Dataset section:
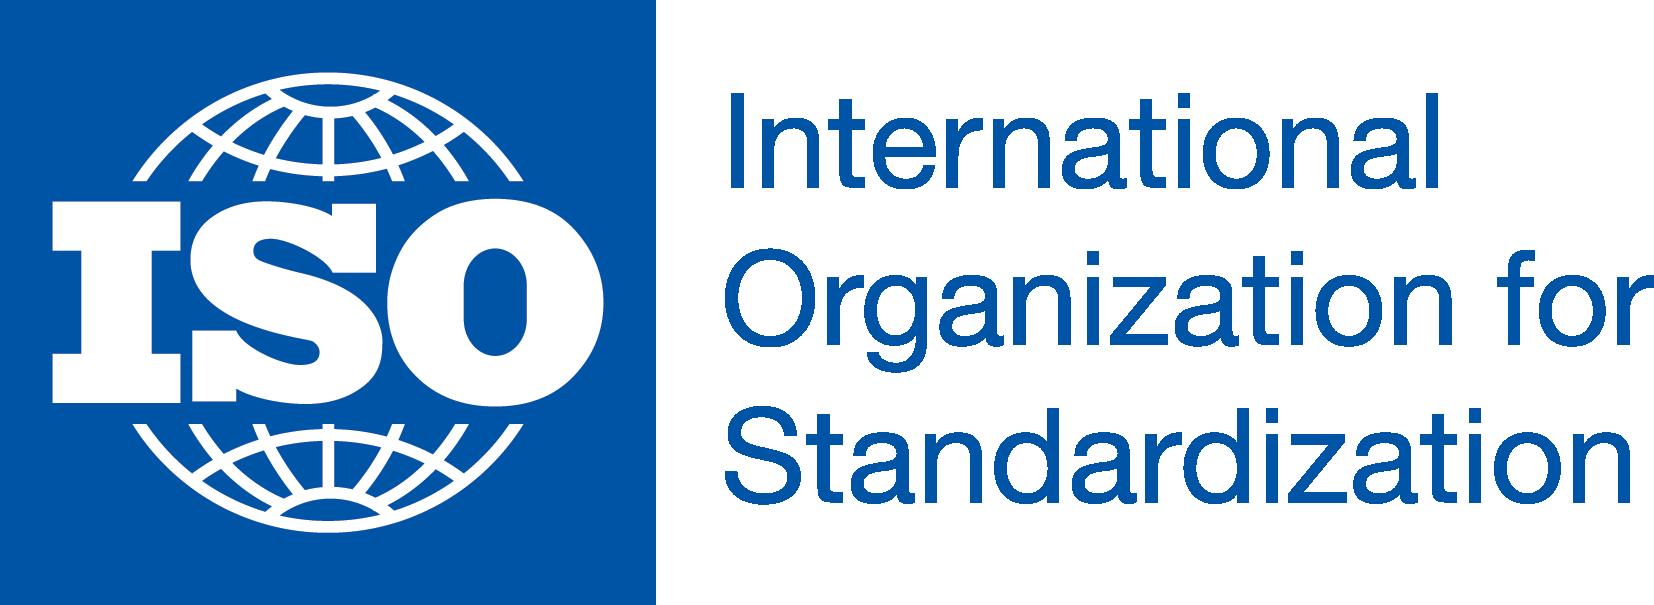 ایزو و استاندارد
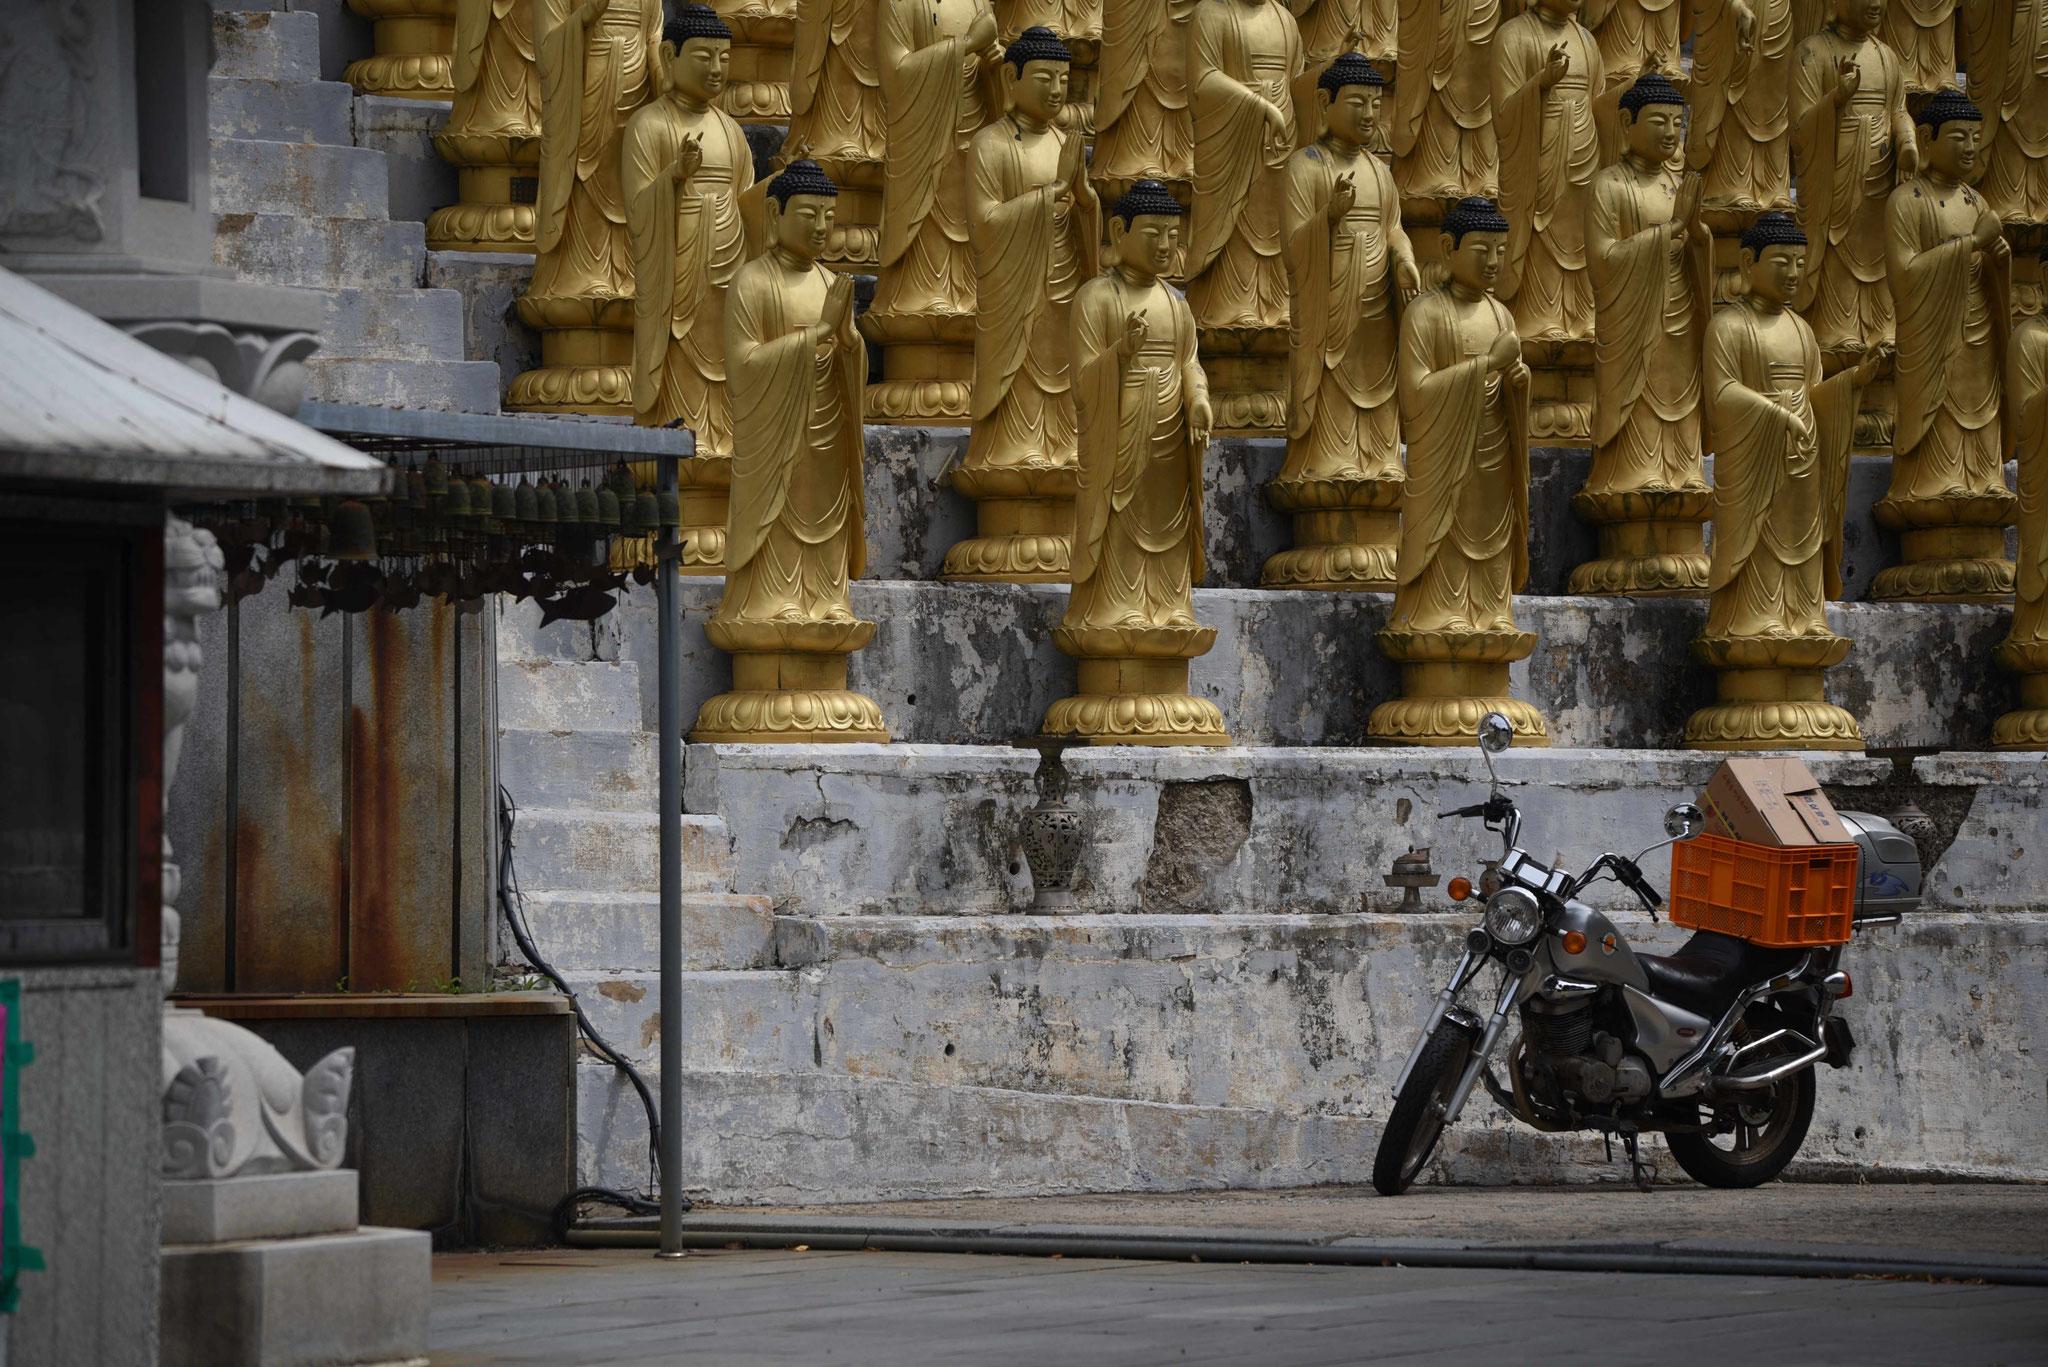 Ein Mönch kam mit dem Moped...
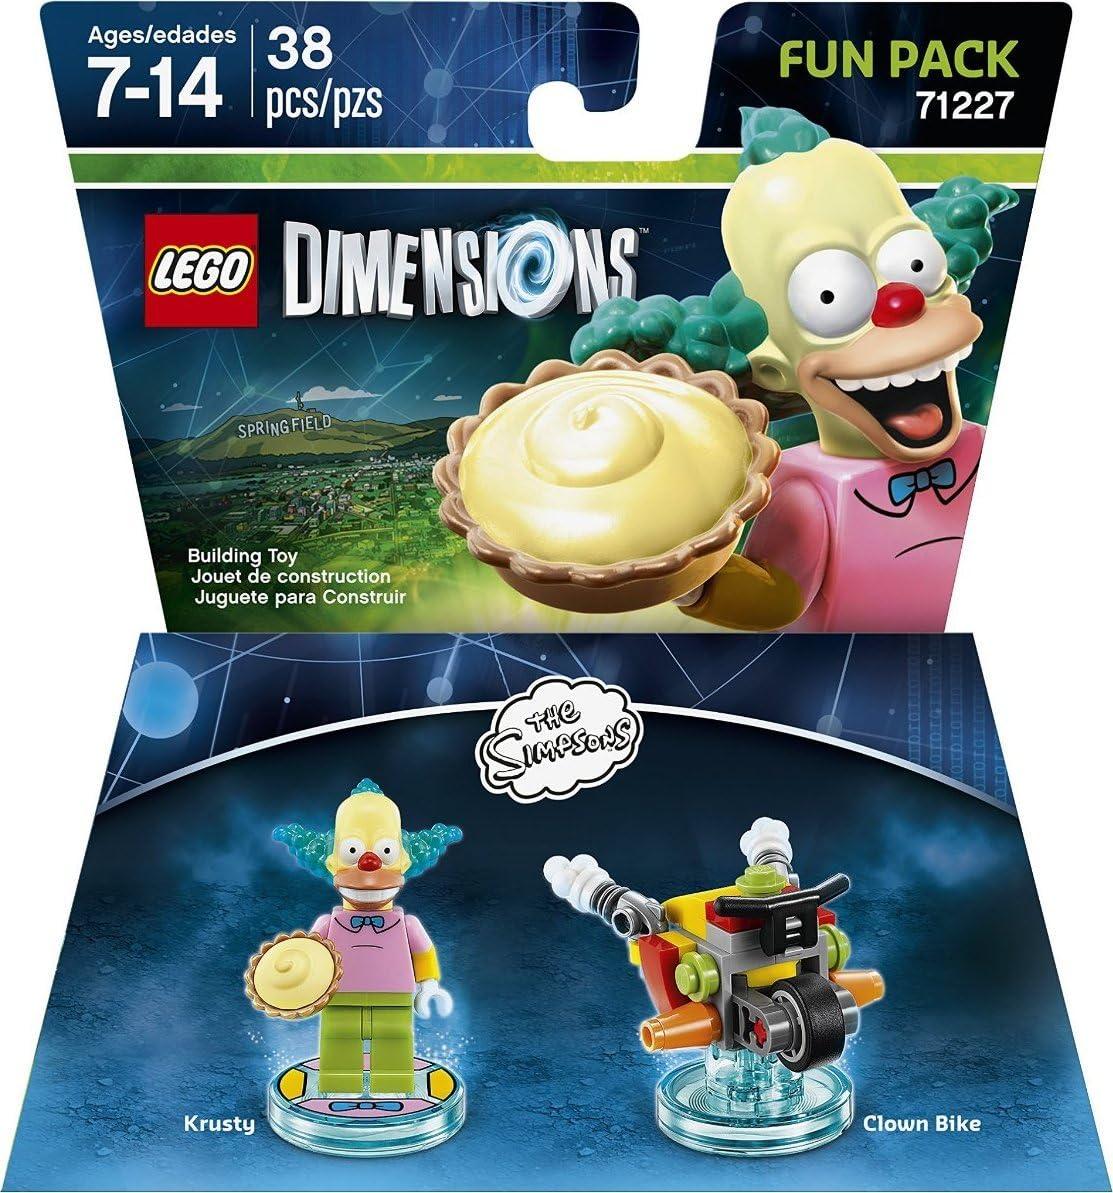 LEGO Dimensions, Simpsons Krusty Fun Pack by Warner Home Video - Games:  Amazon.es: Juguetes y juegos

Required work:
Restate the full listing word for word, excluding images.

Response to this exercise:
 ایزو و استاندارد
 Ein Mönch kam mit dem Moped...
 LEGO Dimensions, Simpsons Krusty Fun Pack by Warner Home Video - Games:  Amazon.es: Juguetes y juegos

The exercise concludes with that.